Он не разделял работу на работу и заказ или на поисковую работу над формой и многоответственную над содержанием. И его упрекали в легкомыслии, даже в беспринципности, а он не возражал. Он и был легкомыслен, ничего не поделаешь, это так.
Рисунки, в которых явление как бы кладется на ладонь и хладнокровно рассматривается, сменялись рисунками, где он, человек с сердцем, рвался к самой сердцевине явления и, сопереживая ему, забывал не только о лихих заботах, связанных с пространством и временем, но и о солидных, почтенных, относящихся к пластике формы гармонизации цвета и линии, даже о простой пропорциональности фигур забывал и вторгался лишь в самую суть явления, в его драму или в его элегию. Но вдруг случалось, что он становился на время монахом чистой формы, истово поклонялся самодовлеющей линии, страстно корпел над цветными объемами, создавая метафизические пространства — то веселые, шевелящиеся, то тоскливые, текучие. Он был легкомыслен, он непозволительно легко позволял своему воображению сталкивать недружественные точки зрения. А столкнув, азартно любовался, как в дикой мешанине несовместимого, в нагромождении эклектики зажигается робкая бледная звездочка новой художественной свободы, едва видная ему самому, но уже живая. В своем рискованном легкомыслии он никогда и ни для чего, просто ни в коем случае не отдалялся от неколебимого — человечности. Даже разыгранные на бумаге отвлеченные комбинации цветовых пятен под его рукой хитростью неподвластного ему самому внутреннего качества говорили, или смеялись, или плакали…
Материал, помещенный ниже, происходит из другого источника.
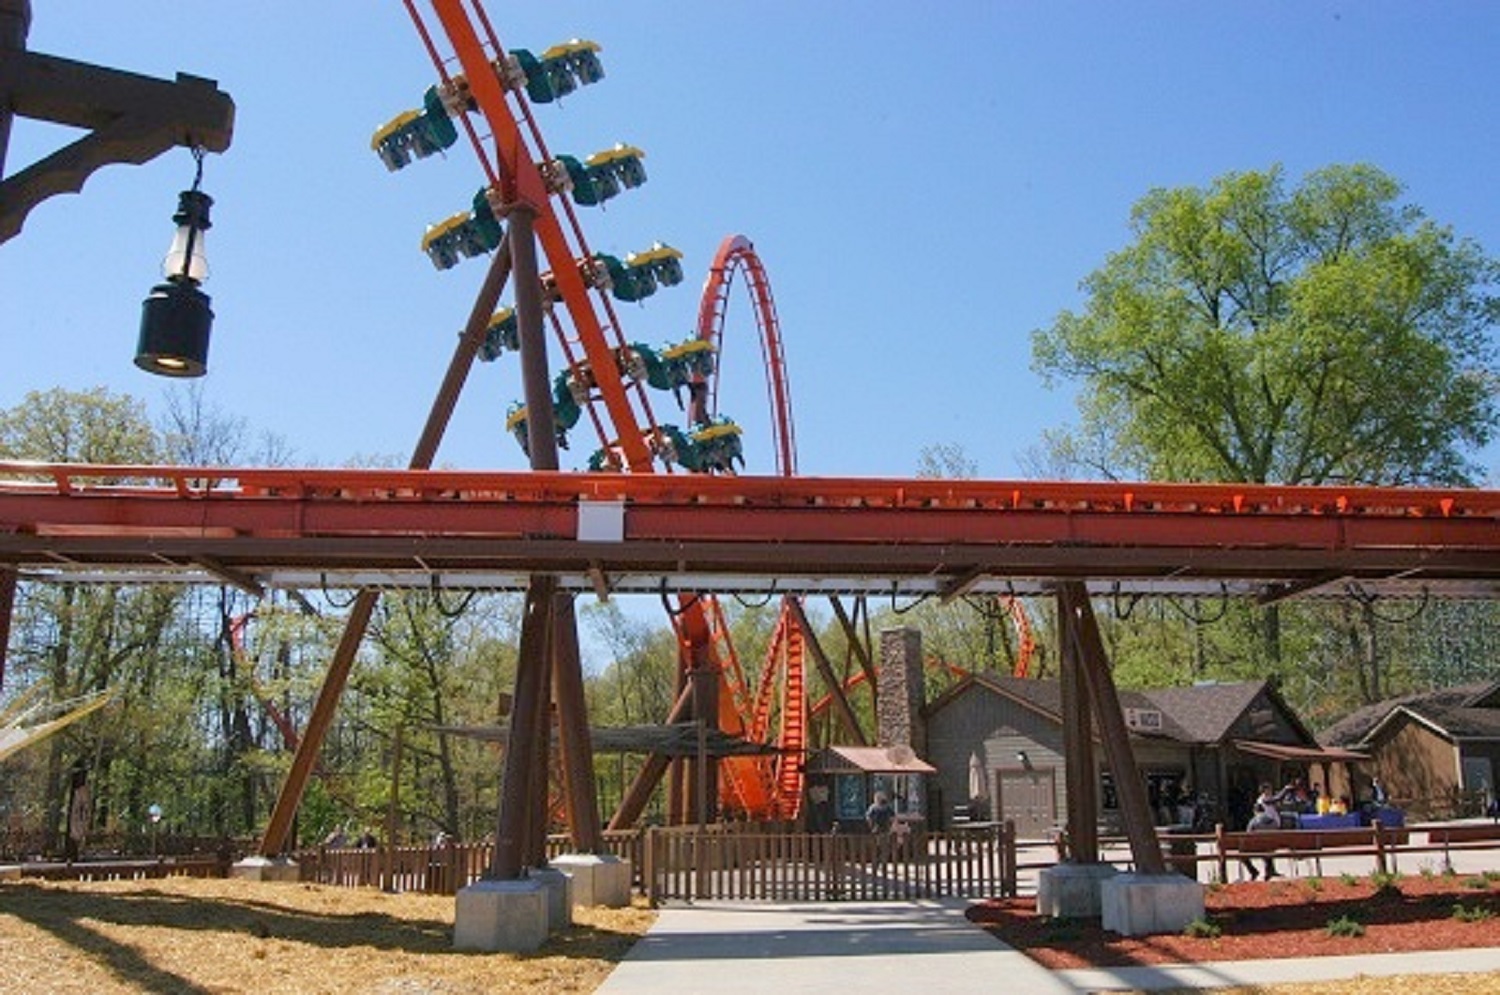 The Business of Building Roller Coasters - Priceonomics

Но тем не менее легкомыслен. Он не защищался. Он не мог сказать о себе вслух — я гибок, у меня врожденная духовная гибкость, совсем не то, что называется гибкостью приспособления. Все дело в воображении. Но нескромно так про себя говорить, и он помалкивал. Даже с друзьями.
Берег Ясности. Хаос и свет. Уже можно было ждать названия картины.
Он деловито обдумывал, что наконец выкрасит белым стены мастерской, закажет подрамник, проформалинит холст, для грунта возьмет хранимый для особых случаев клей из рыбьих пузырей и положит его, постепенно наслаивая, как делали старые мастера Европы.
— Три метра на пять, не меньше… Лучше больше… Четыре на шесть. А что? — говорил он вслух.
Перо Харламов привез с собой немягкое, оно скрипело, даже рвало бумагу, но штрихи получались живые, с неровным, неожиданным краем. Иногда отлетала от пера клякса или даже веер клякс, и тогда рисунок планировал на пол для подсыхания. Сухую кляксу округло согнутой бритвочкой можно было потом поддеть, как крошечную монетку. Из кляксы также можно было что-нибудь сделать более или менее уместное — ось, например, а к ней колесо, а к нему лафет, а к лафету пушку. Или мудрый глаз, а вокруг глаза — епископа. Либо пуговицу, а к ней мундир, а к нему гвардейца…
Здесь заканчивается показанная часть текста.